• _Exercise prompt_: For this exercise, retype each line of the material below verbatim and omit any picture.

• _Data section_:
########

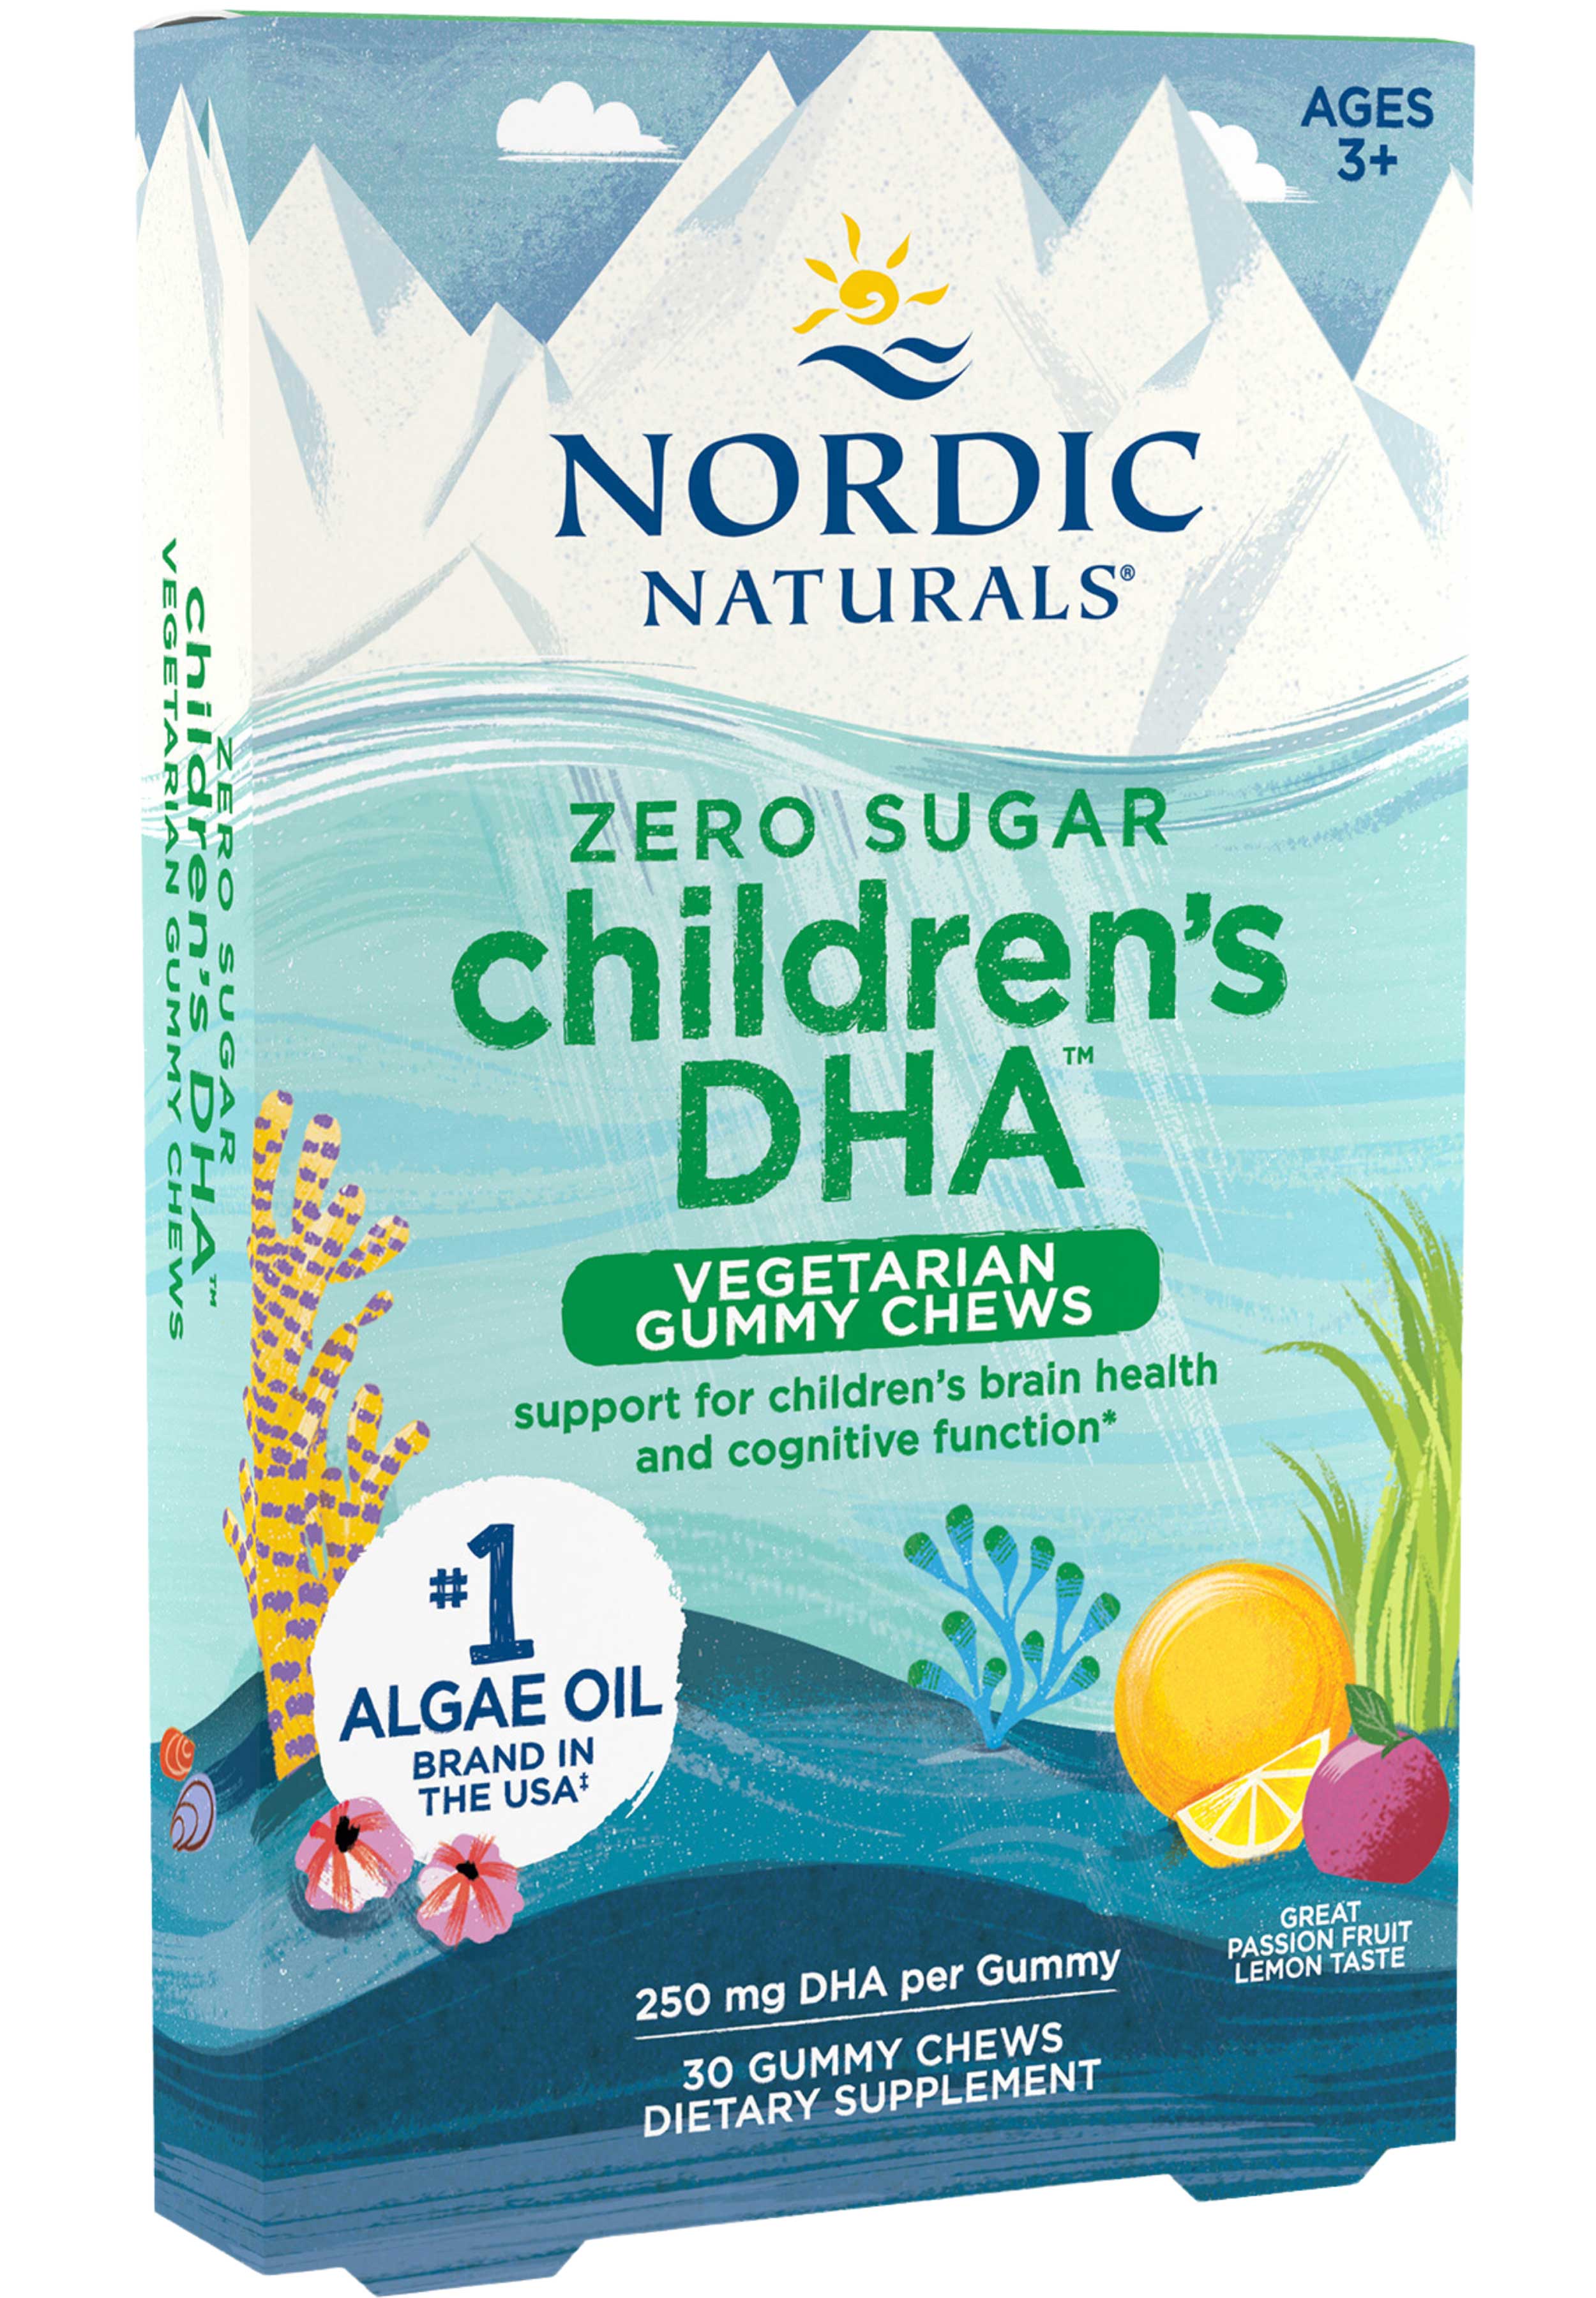 Nordic Naturals Zero Sugar Children's DHA™ Vegetarian Gummy Chews
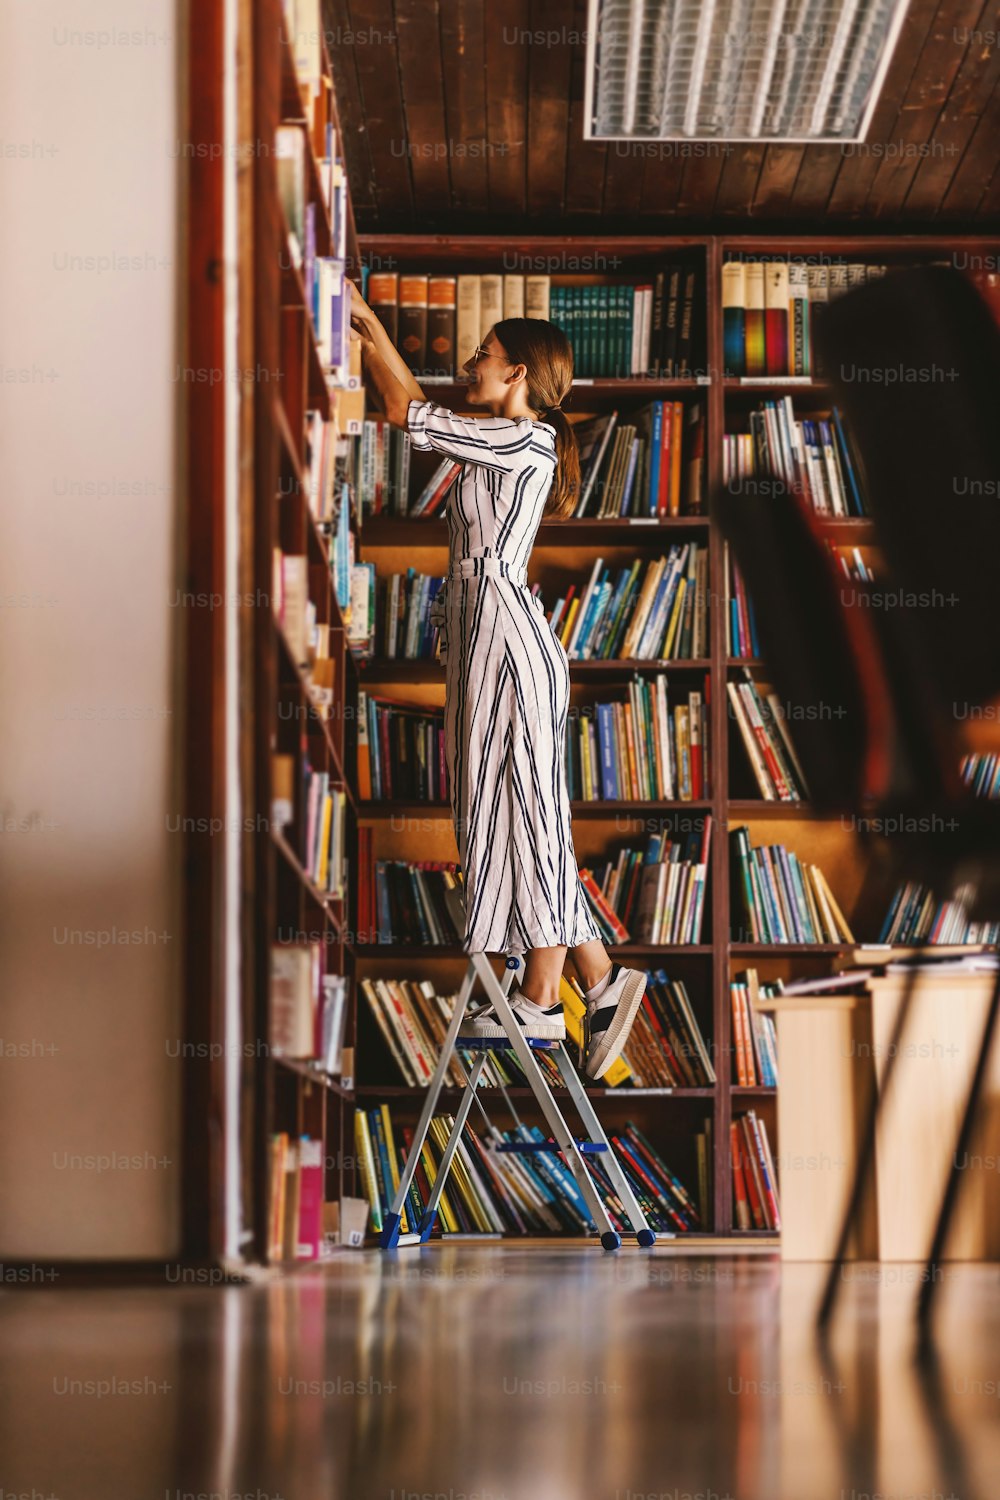 De cuerpo entero de joven bibliotecario atractivo de pie en la escalera y buscando un libro.
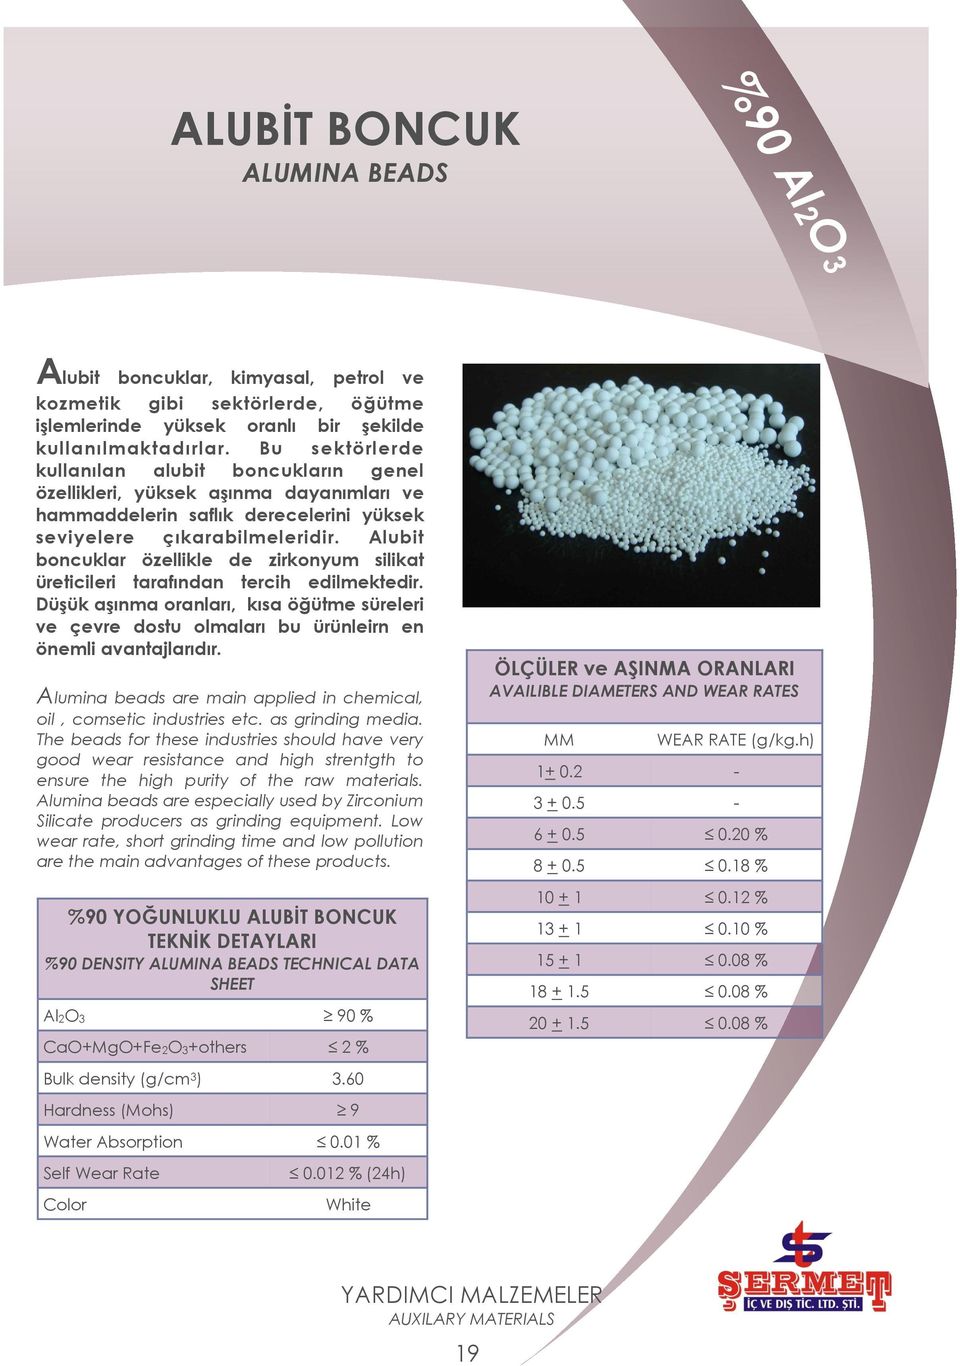 Alubit boncuklar özellikle de zirkonyum silikat üreticileri tarafından tercih edilmektedir. DüĢük aģınma oranları, kısa öğütme süreleri ve çevre dostu olmaları bu ürünleirn en önemli avantajlarıdır.

########

• _Output below_:
 Nordic Naturals Zero Sugar Children's DHA™ Vegetarian Gummy Chews
 De cuerpo entero de joven bibliotecario atractivo de pie en la escalera y buscando un libro.
 Alubit boncuklar özellikle de zirkonyum silikat üreticileri tarafından tercih edilmektedir. DüĢük aģınma oranları, kısa öğütme süreleri ve çevre dostu olmaları bu ürünleirn en önemli avantajlarıdır.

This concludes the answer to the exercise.